About this task ▸
Where the line holding "澳門百老匯酒店 Broadway Hotel Macau" appears, start copying, and continue exactly through the last line of the listing, skipping pictures.

--- Given material ---

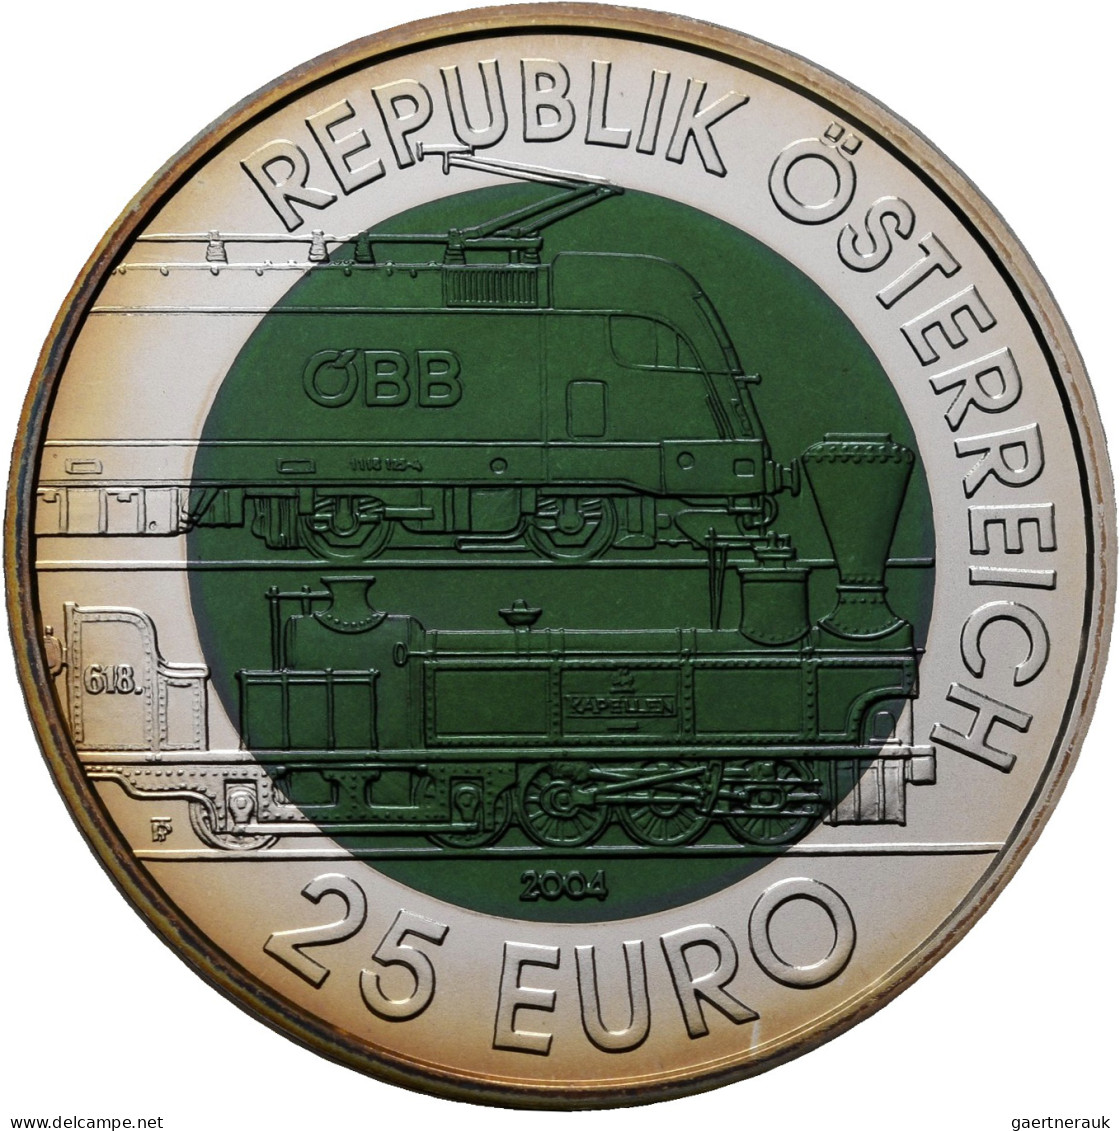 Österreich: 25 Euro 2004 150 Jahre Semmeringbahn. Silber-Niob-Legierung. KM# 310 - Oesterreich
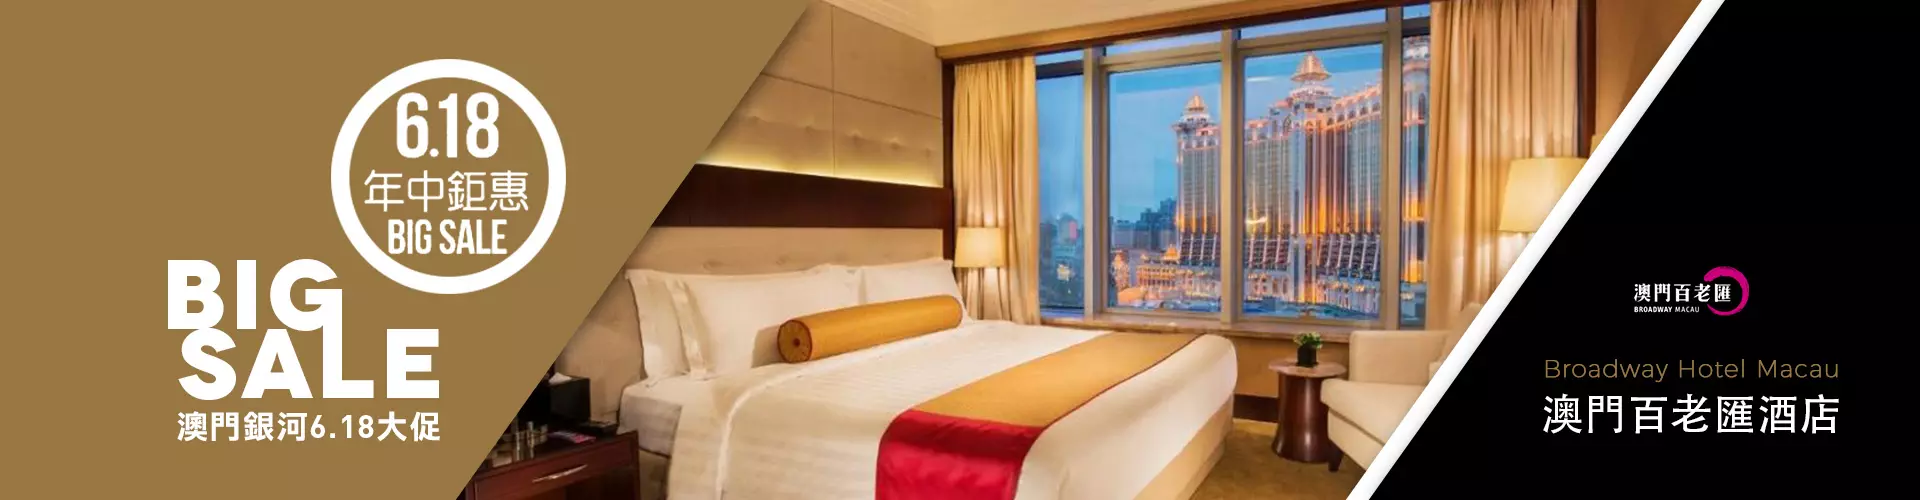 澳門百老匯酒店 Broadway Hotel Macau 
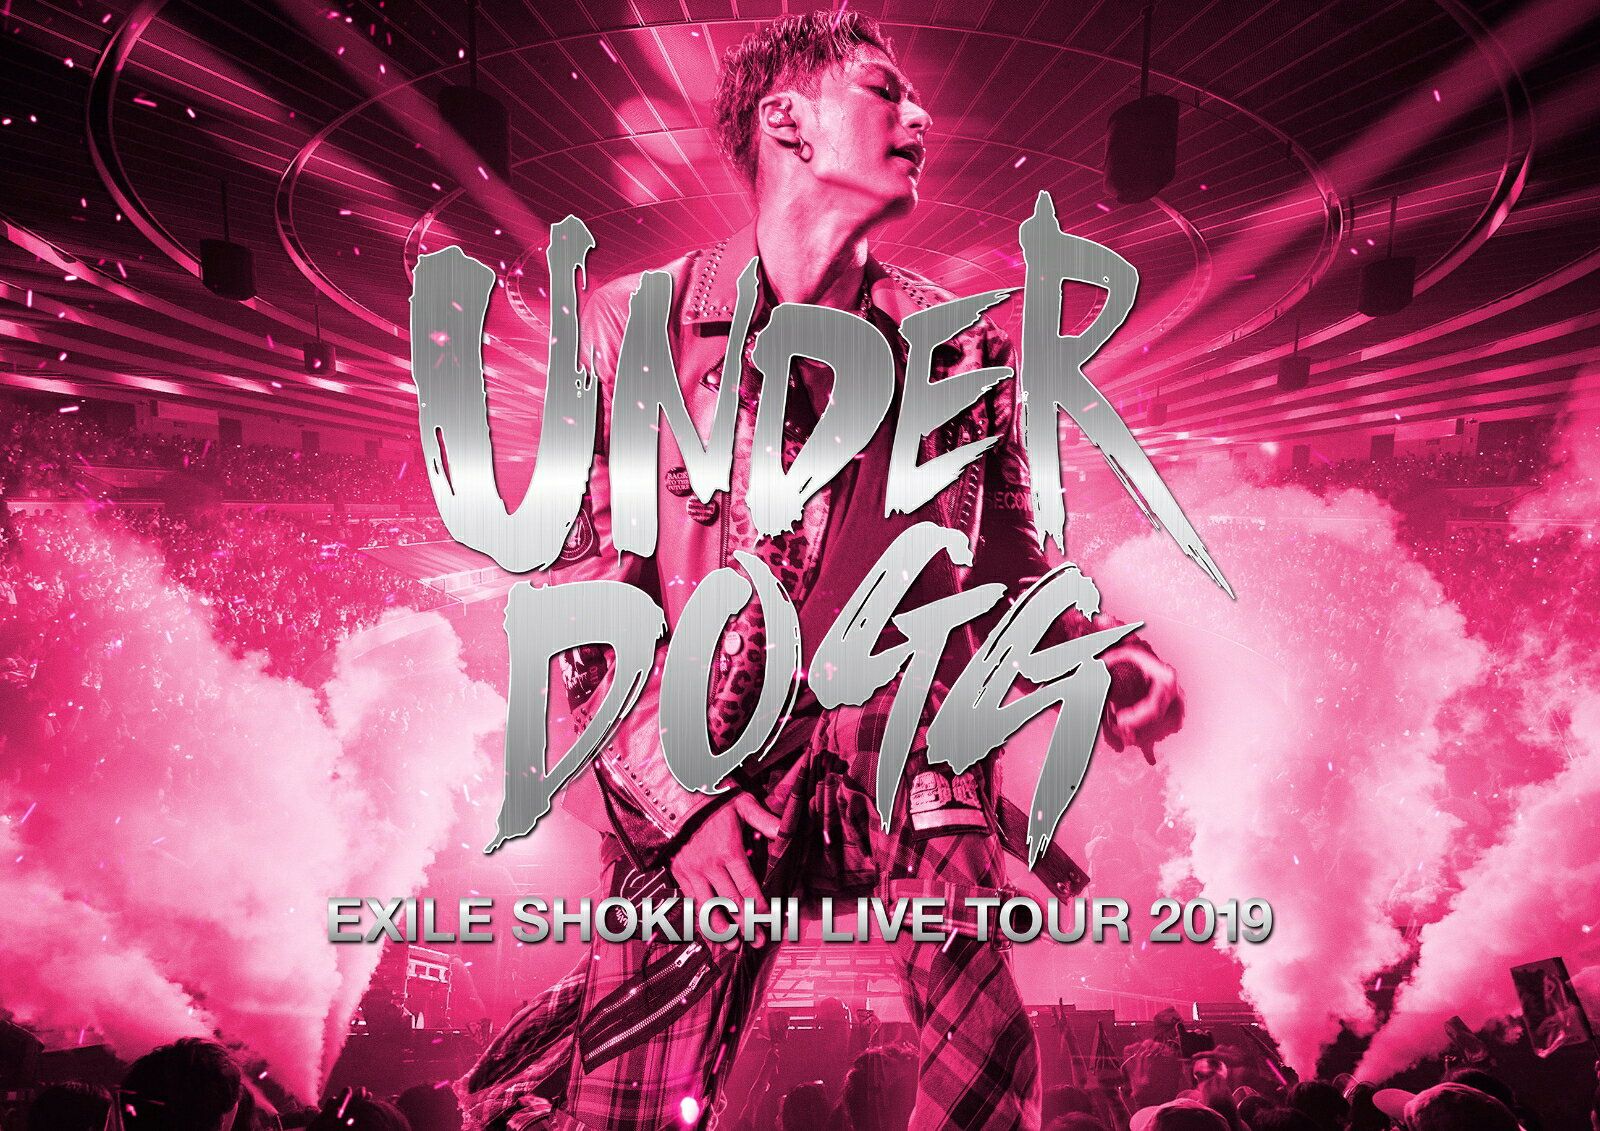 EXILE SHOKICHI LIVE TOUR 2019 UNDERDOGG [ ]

---

Task result ▸
 澳門百老匯酒店 Broadway Hotel Macau 
 EXILE SHOKICHI LIVE TOUR 2019 UNDERDOGG [ ]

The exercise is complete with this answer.